TASK TO COMPLETE
Copy the data below exactly, but not the pictures it contains.

COLLECTED MATERIAL
▬▬▬
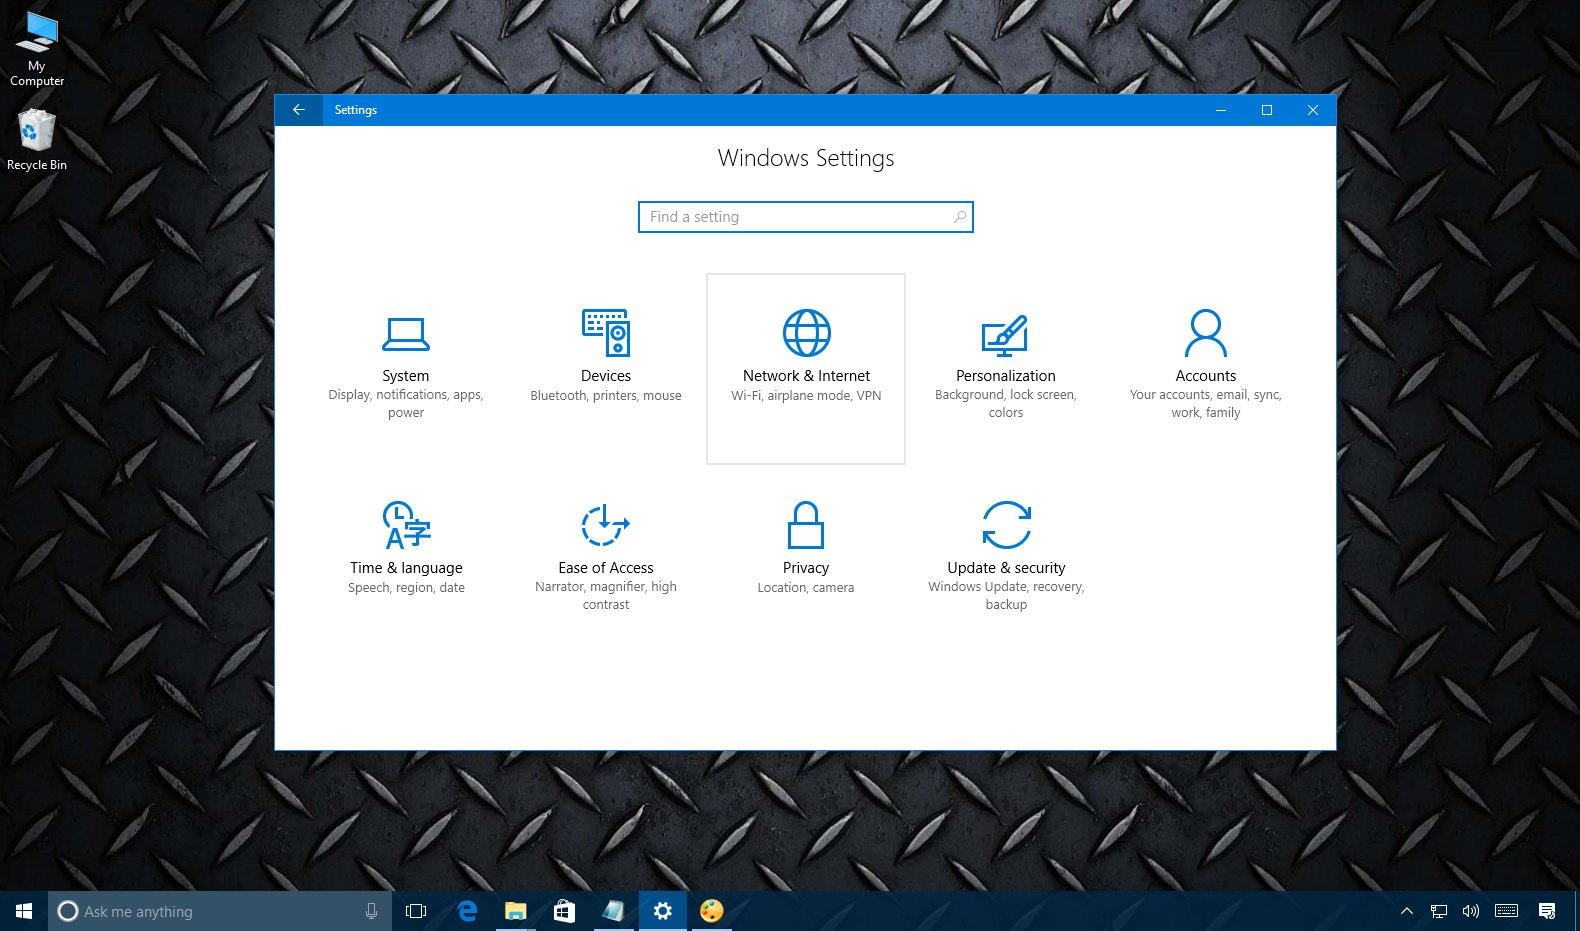 Windows 10 Network & Internet settings
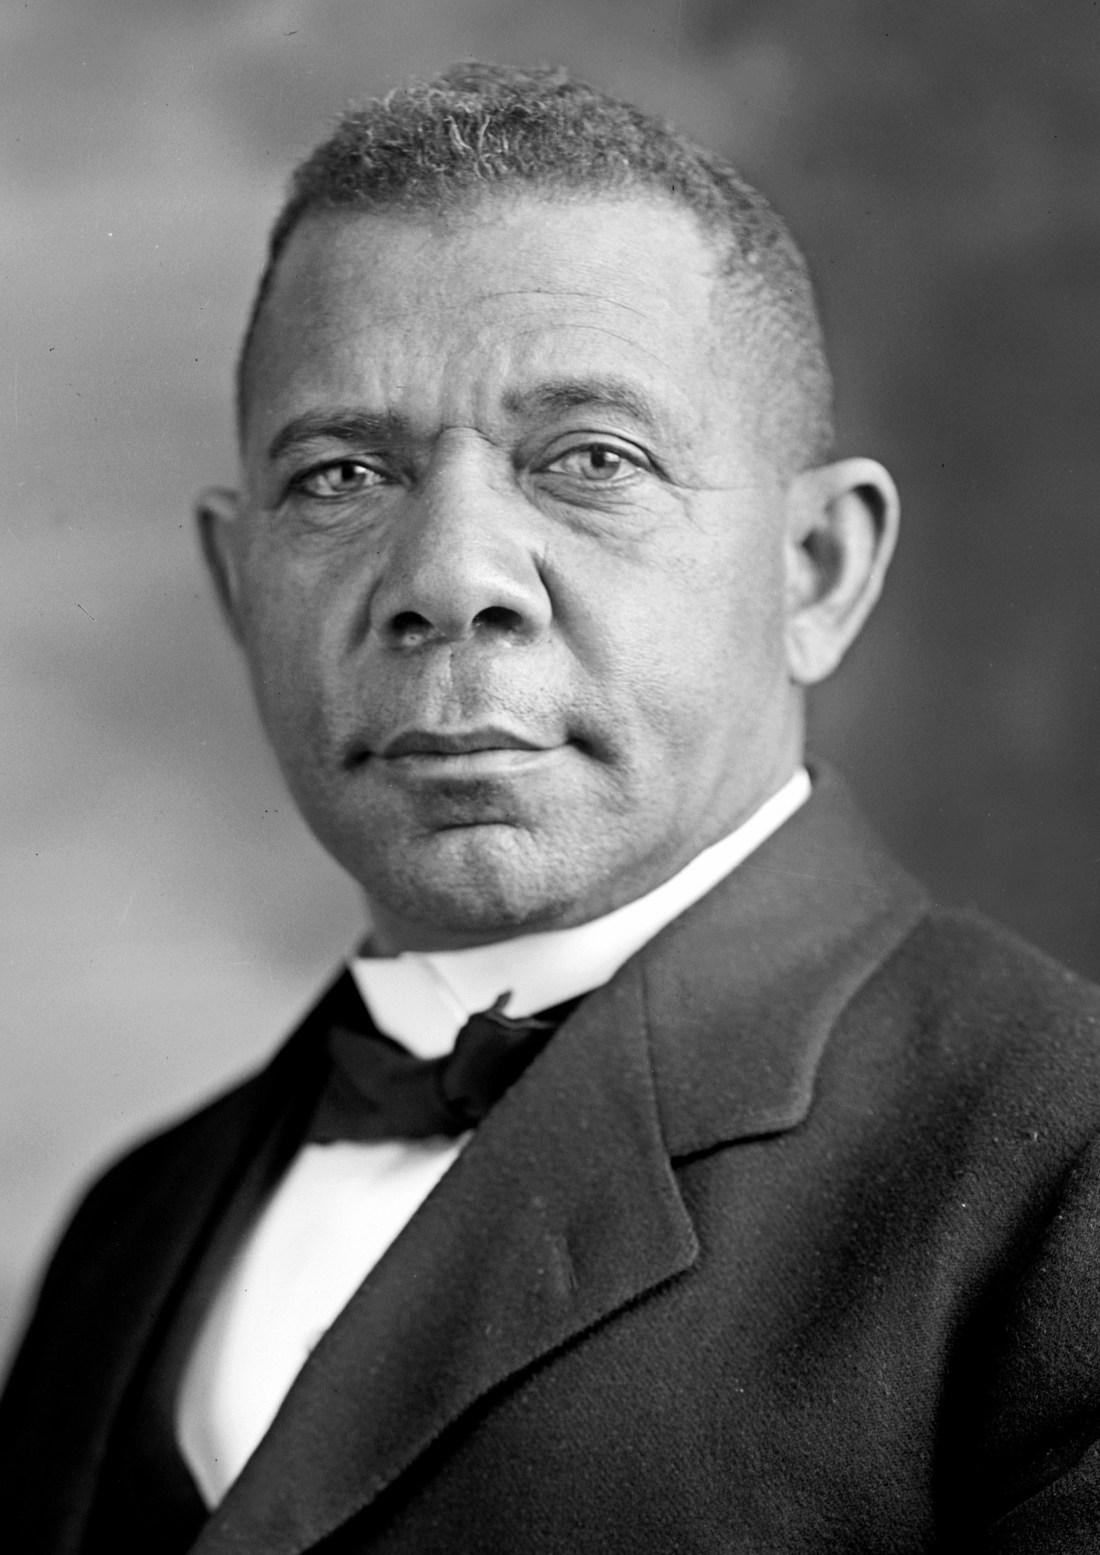 Tuskegee University, African American News, African American Education, Black History, Black Education, Black Colleges, Historically Black College and University, HBCU, KOLUMN Magazine, KOLUMN
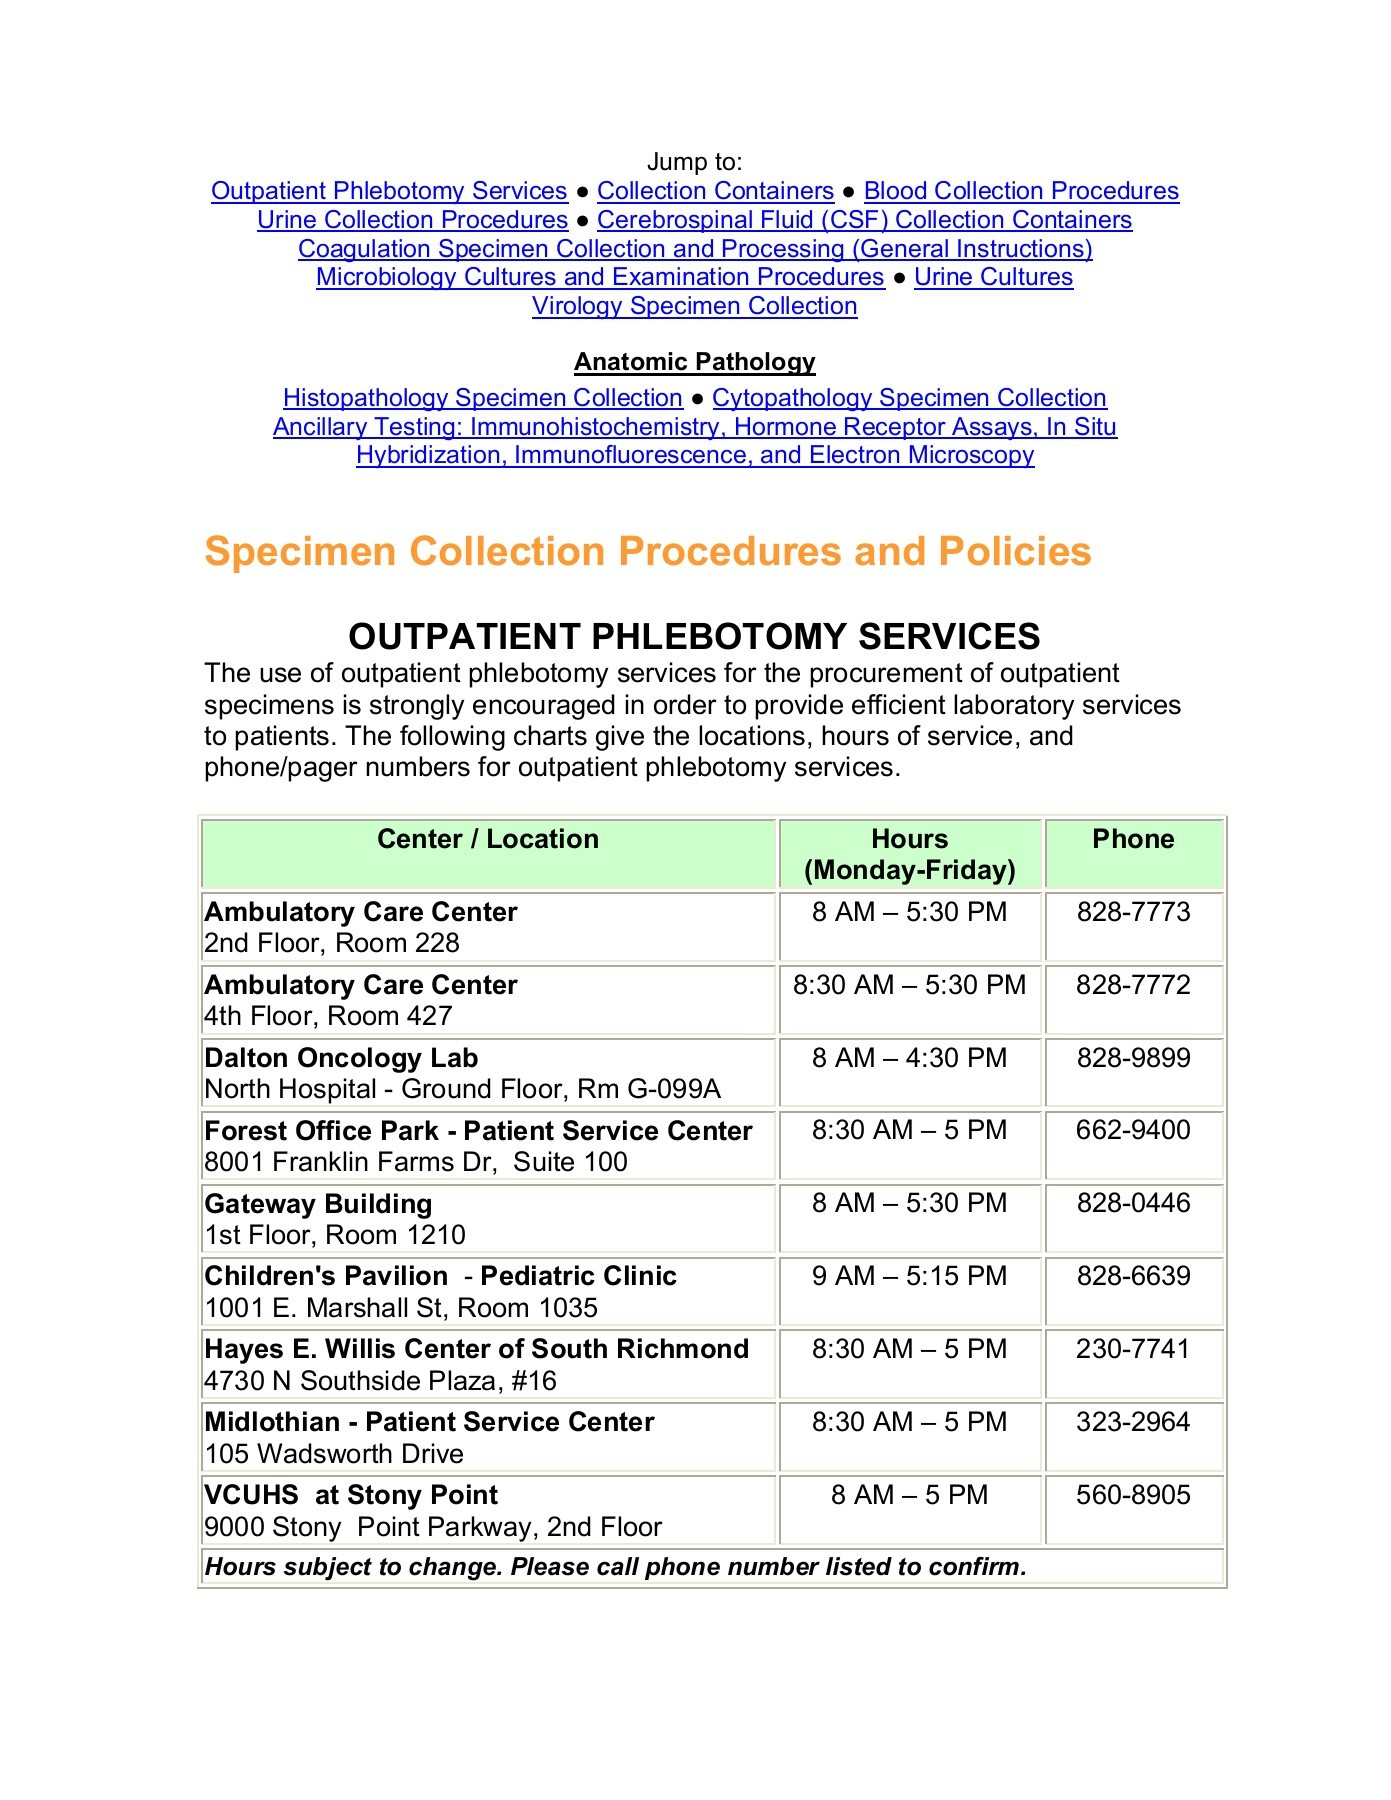 specimen collection procedures and policies fliphtml5
▬▬▬
OUTPUT FOR THIS EXERCISE
 Windows 10 Network & Internet settings
 Tuskegee University, African American News, African American Education, Black History, Black Education, Black Colleges, Historically Black College and University, HBCU, KOLUMN Magazine, KOLUMN
 specimen collection procedures and policies fliphtml5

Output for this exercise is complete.